# Jimmy "The Rev" Sullivan found dead at 28



## Ether's Bane (Dec 29, 2009)

http://www.ocregister.com/news/sullivan-226142-beach-drummer.html

R.I.P.

(oh, and NO INSULTS/BASHING/WHATEVER, as you WILL be reported)


----------



## Tarvos (Dec 29, 2009)

RIP but I don't like A7x


----------



## foreign contaminant (Dec 29, 2009)

Watershed said:


> RIP but I don't like A7x


same. they all seemed like nice dudes.

kind of like when the guy from hawthorne heights died.


----------



## departuresong (Dec 29, 2009)

Watershed said:


> RIP but I don't like A7x


This.


----------



## Tailsy (Dec 29, 2009)

Aw, RIP.

HE WAS A YEAR LATE FOR BEING COOL sorry ;_; it had to be said.


----------



## Effigy of the Forgotten (Dec 30, 2009)
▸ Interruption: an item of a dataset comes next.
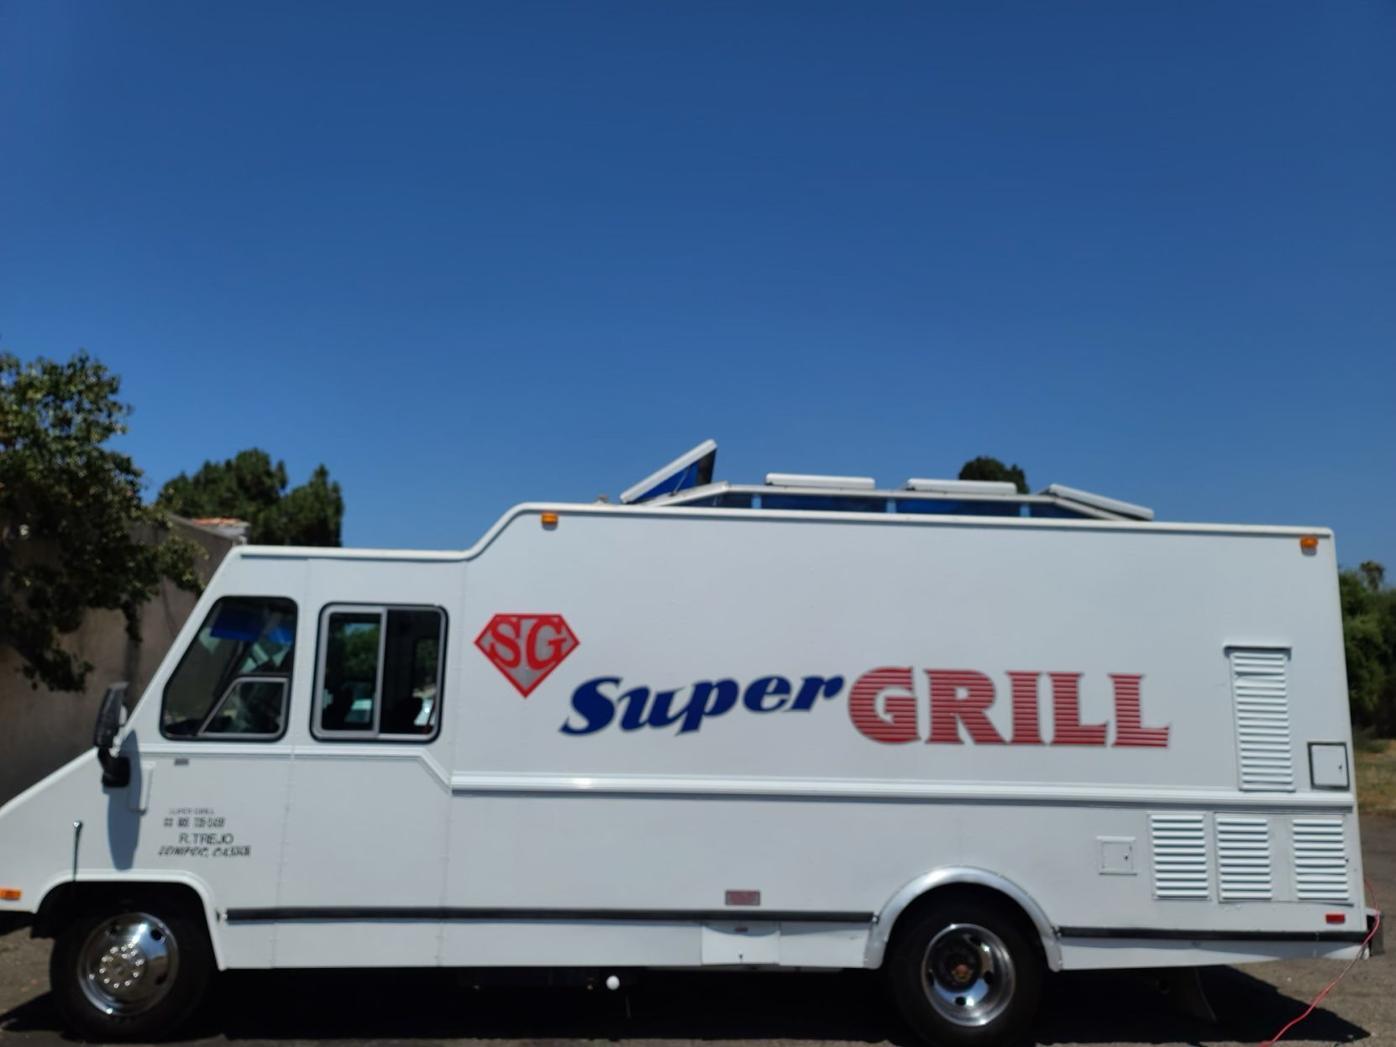 083021 Super Grill 1.jpg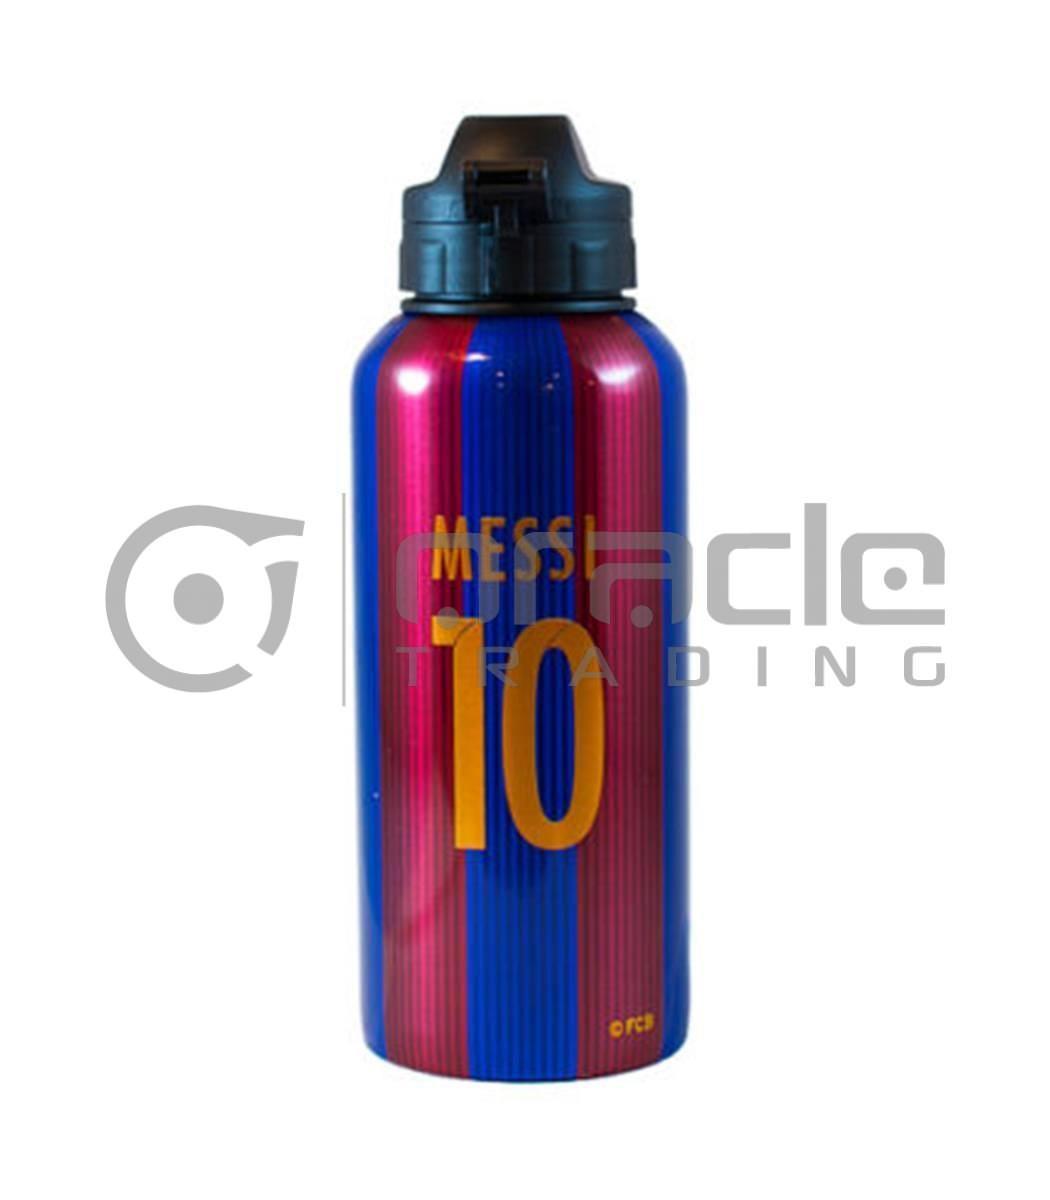 Messi Barcelona Aluminum Water Bottle (Signed)

Avenged Sevenfold are awful, but it sucks when someone dies, especially if this guy was only young. RIP


----------



## Lady Grimdour (Jan 2, 2010)

Watershed said:


> RIP but I don't like A7x


Always sad that someone as young as him dies.

Natural causes too.


----------



## Tarvos (Jan 2, 2010)

yes but the band is still terribad


----------